EXERCISE PROMPT | In the records below, find the line containing "Keskeas on meeste", then copy that line and all lines after it, exactly, omitting every picture.

[Data items]
_ _ _ _ _ _ _
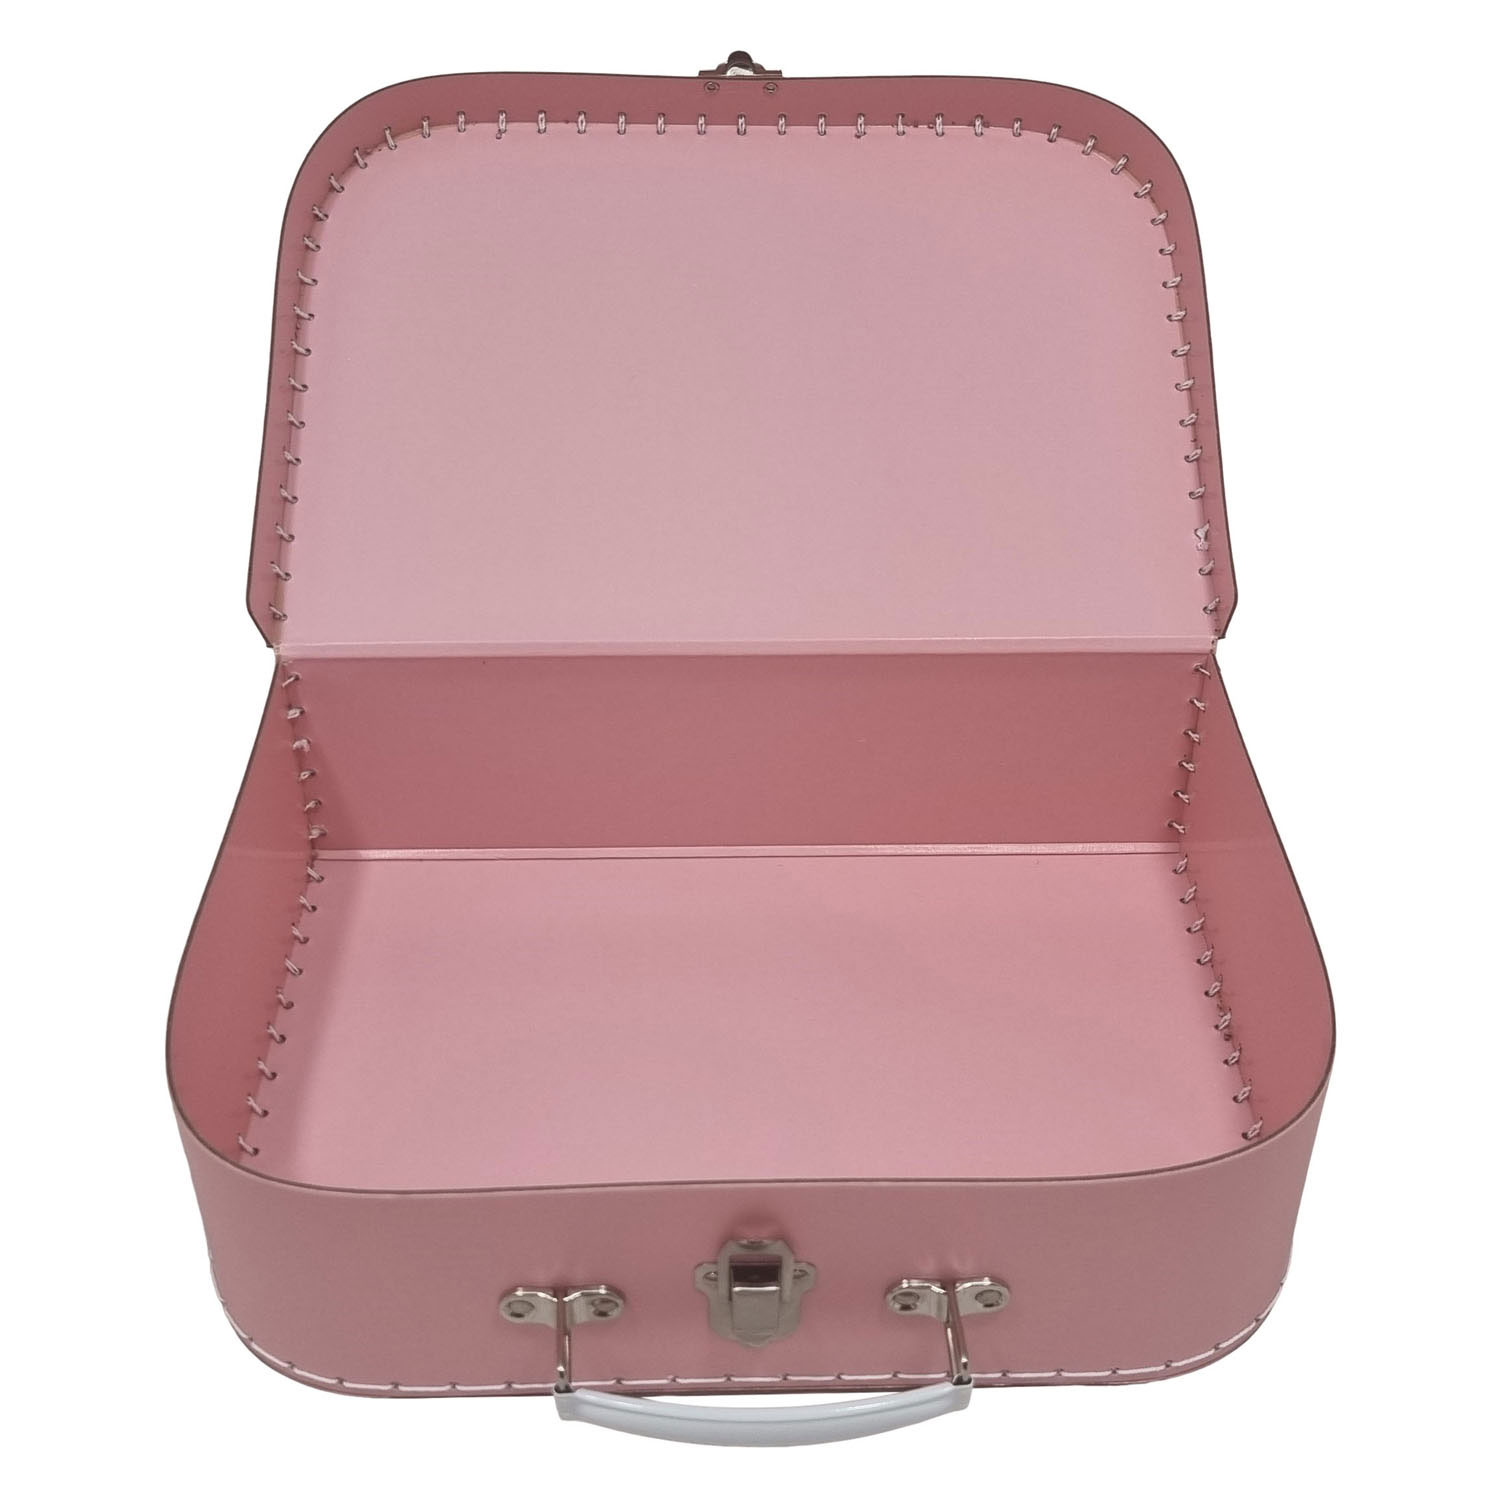 Kartonkoffer-Set Pink, 3tlg.
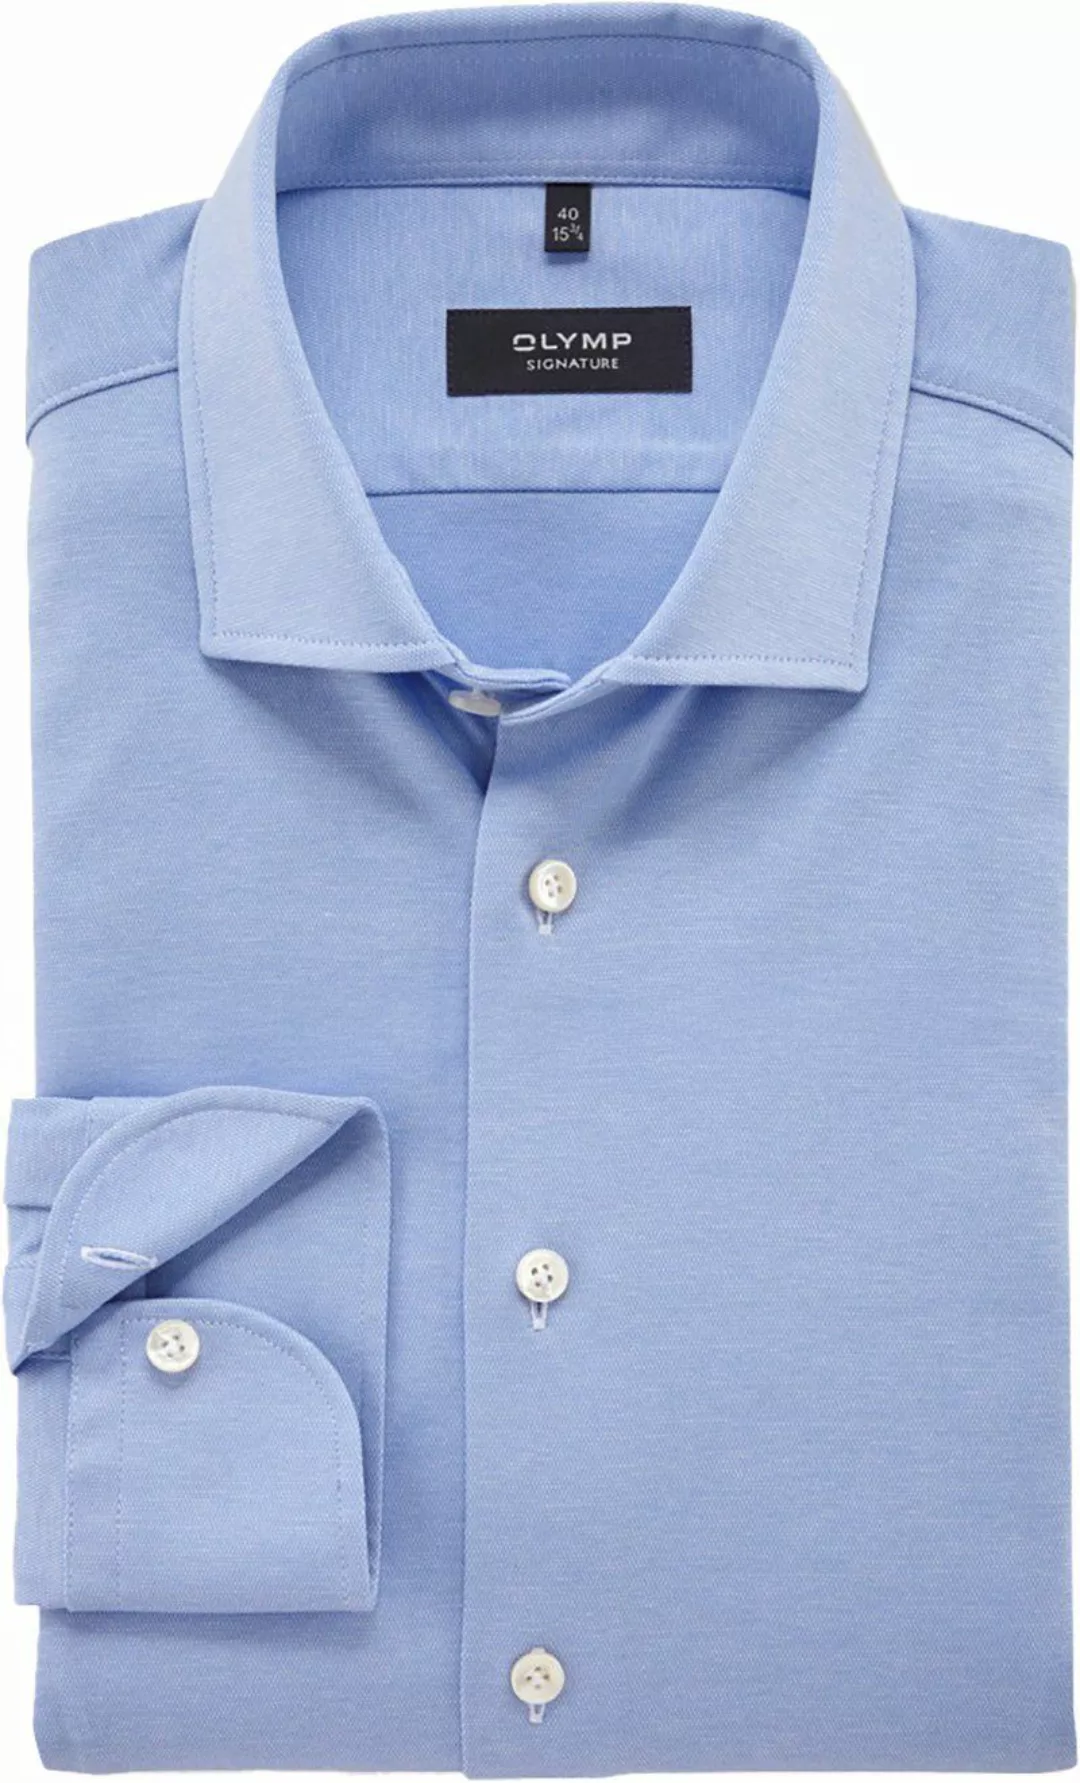 OLYMP Signature Hemd Jersey Hellblau - Größe 40 günstig online kaufen
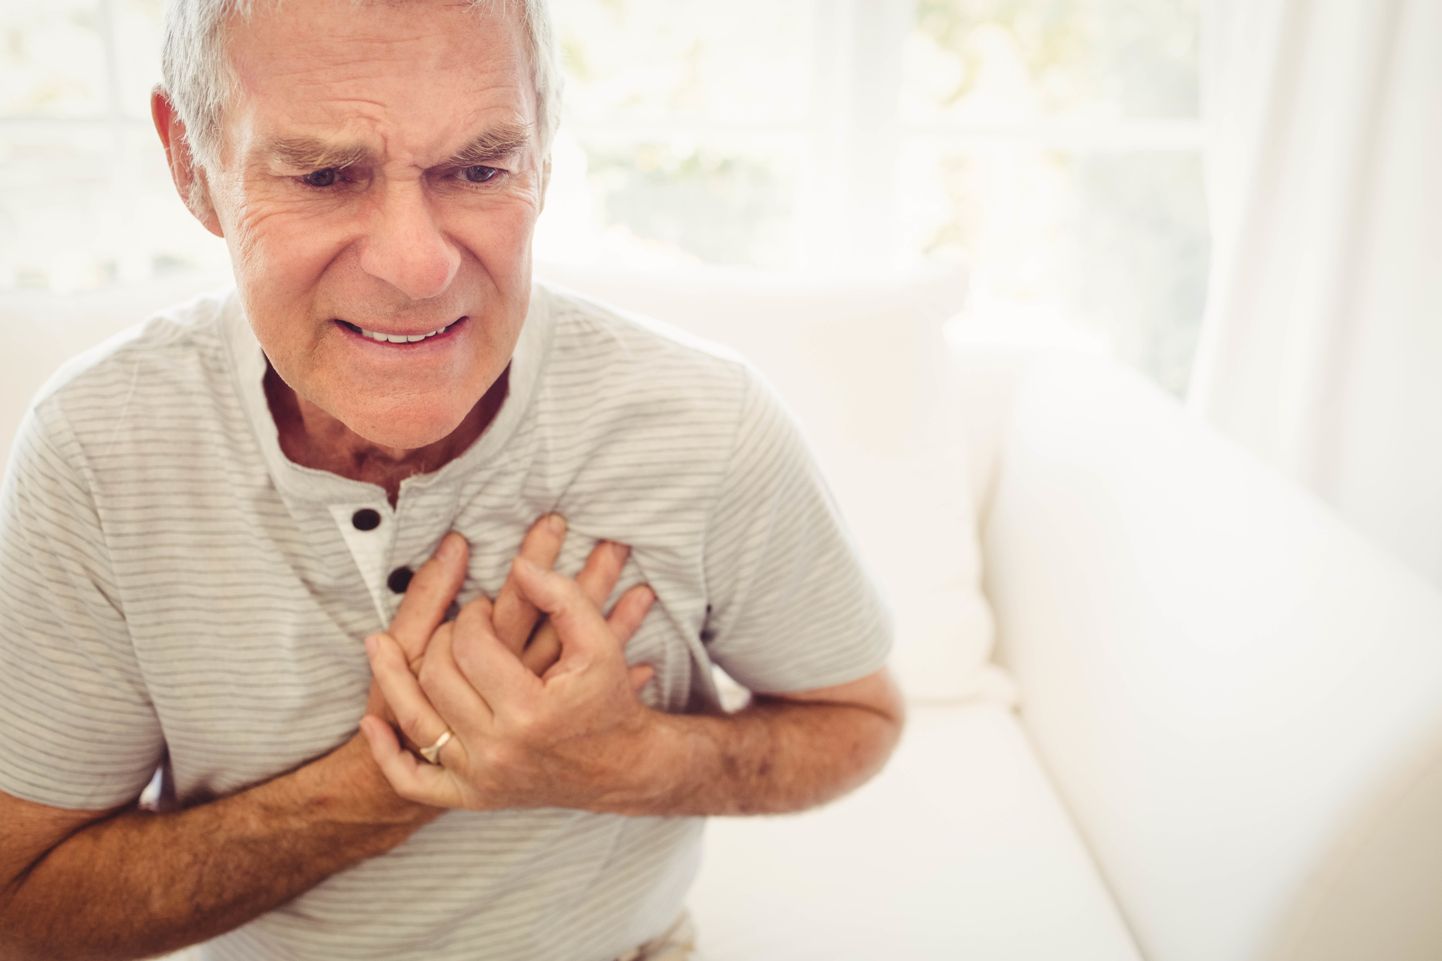 Keskeas on meeste risk infarkti haigestuda mitu korda kõrgem kui naistel, risk ühtlustub sugude vahel 70. eluaastates.
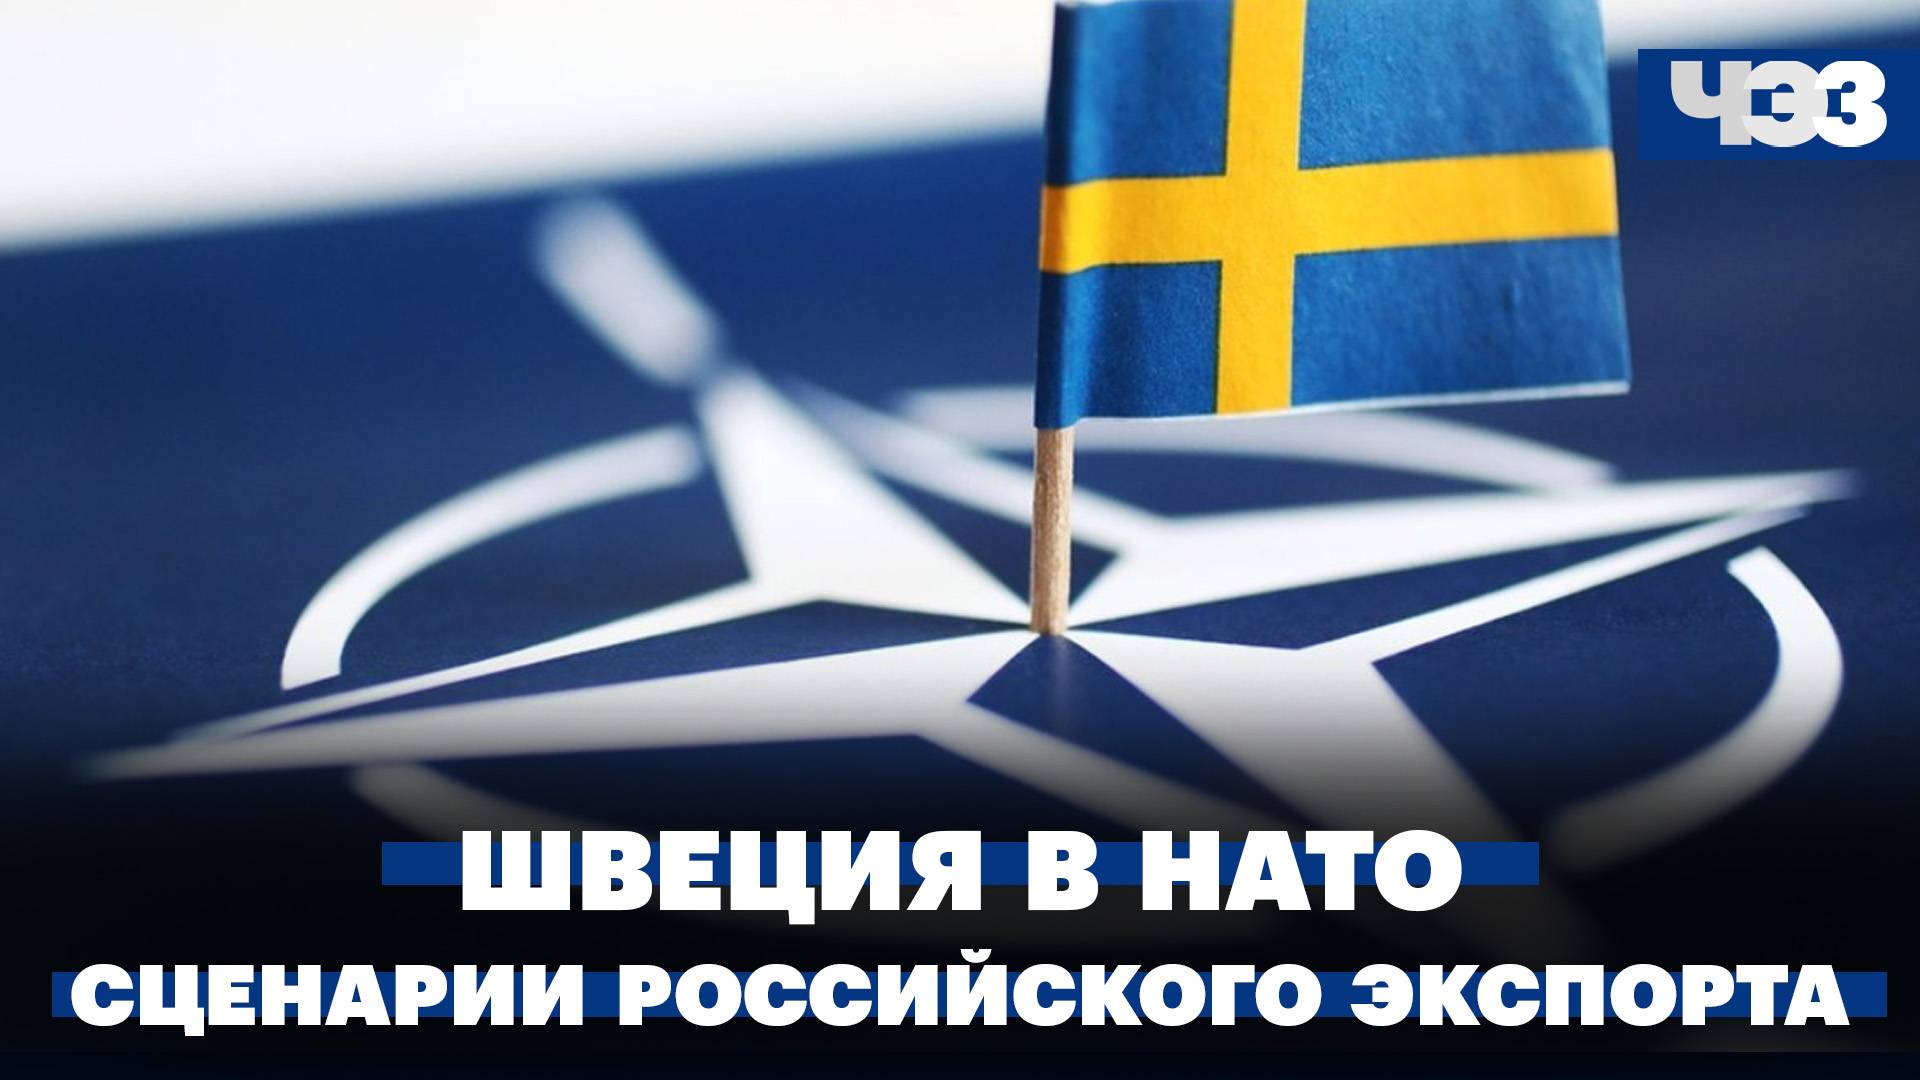 Швеция стала членом НАТО. Два возможных сценария российского экспорта
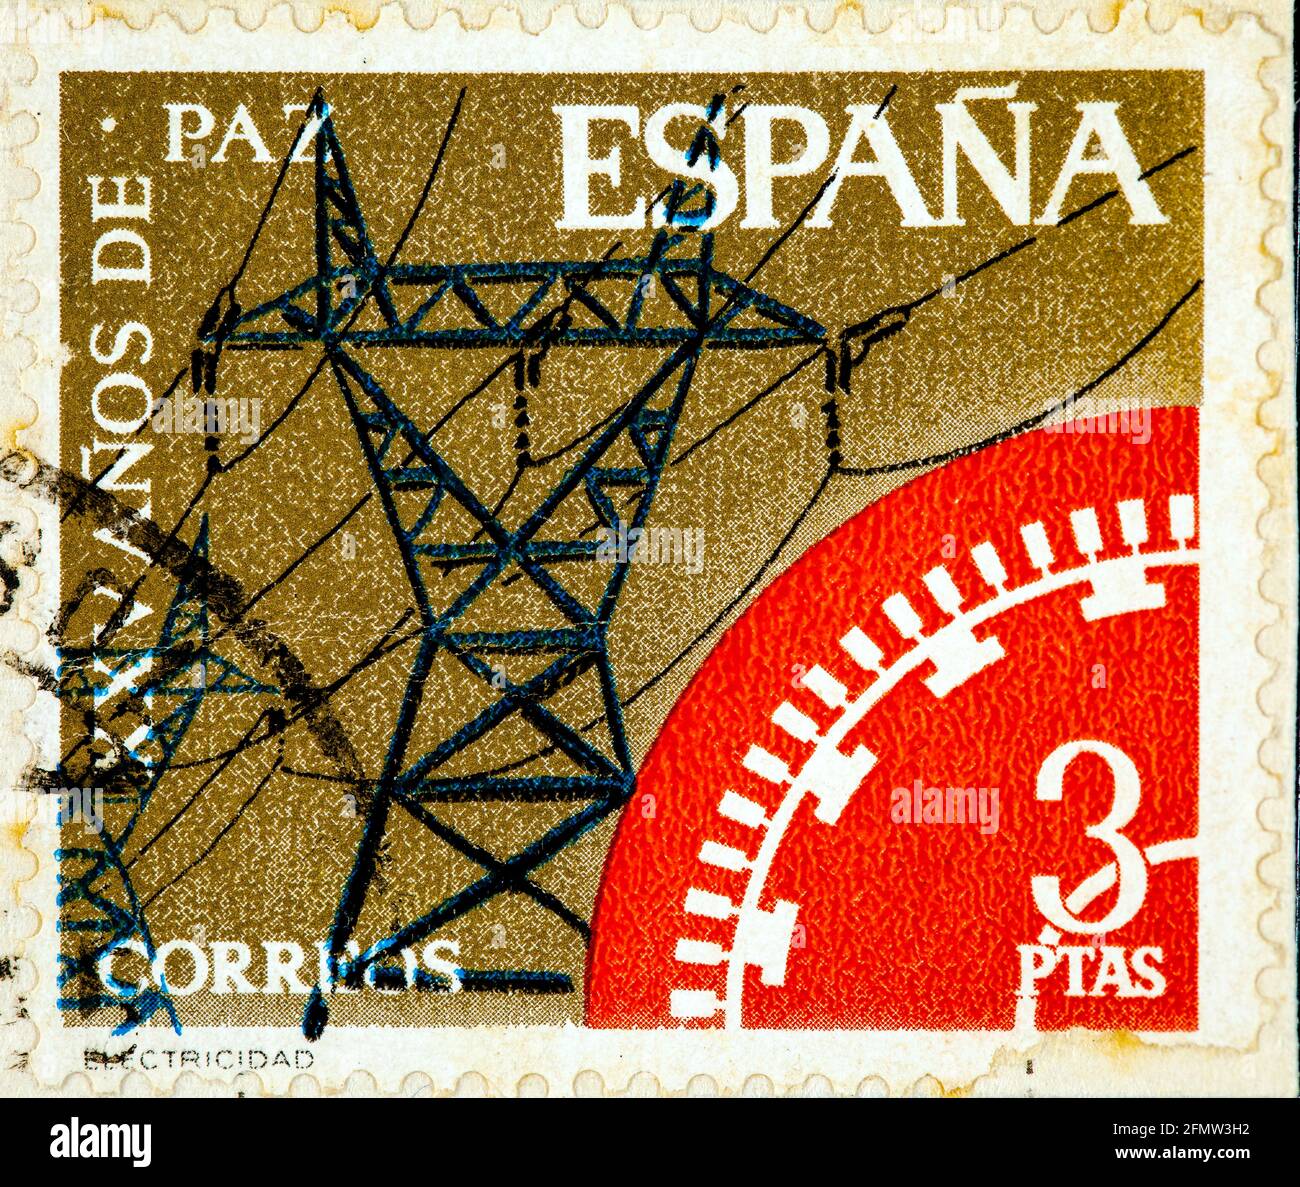 ESPAGNE - VERS 1964: Un timbre imprimé en Espagne montre 25 ans de paix, l'électricité vers 1966 Banque D'Images
_ _ _ _ _ _ _
TASK RESPONSE |
 Keskeas on meeste risk infarkti haigestuda mitu korda kõrgem kui naistel, risk ühtlustub sugude vahel 70. eluaastates.
 Швеция стала членом НАТО. Два возможных сценария российского экспорта
 ESPAGNE - VERS 1964: Un timbre imprimé en Espagne montre 25 ans de paix, l'électricité vers 1966 Banque D'Images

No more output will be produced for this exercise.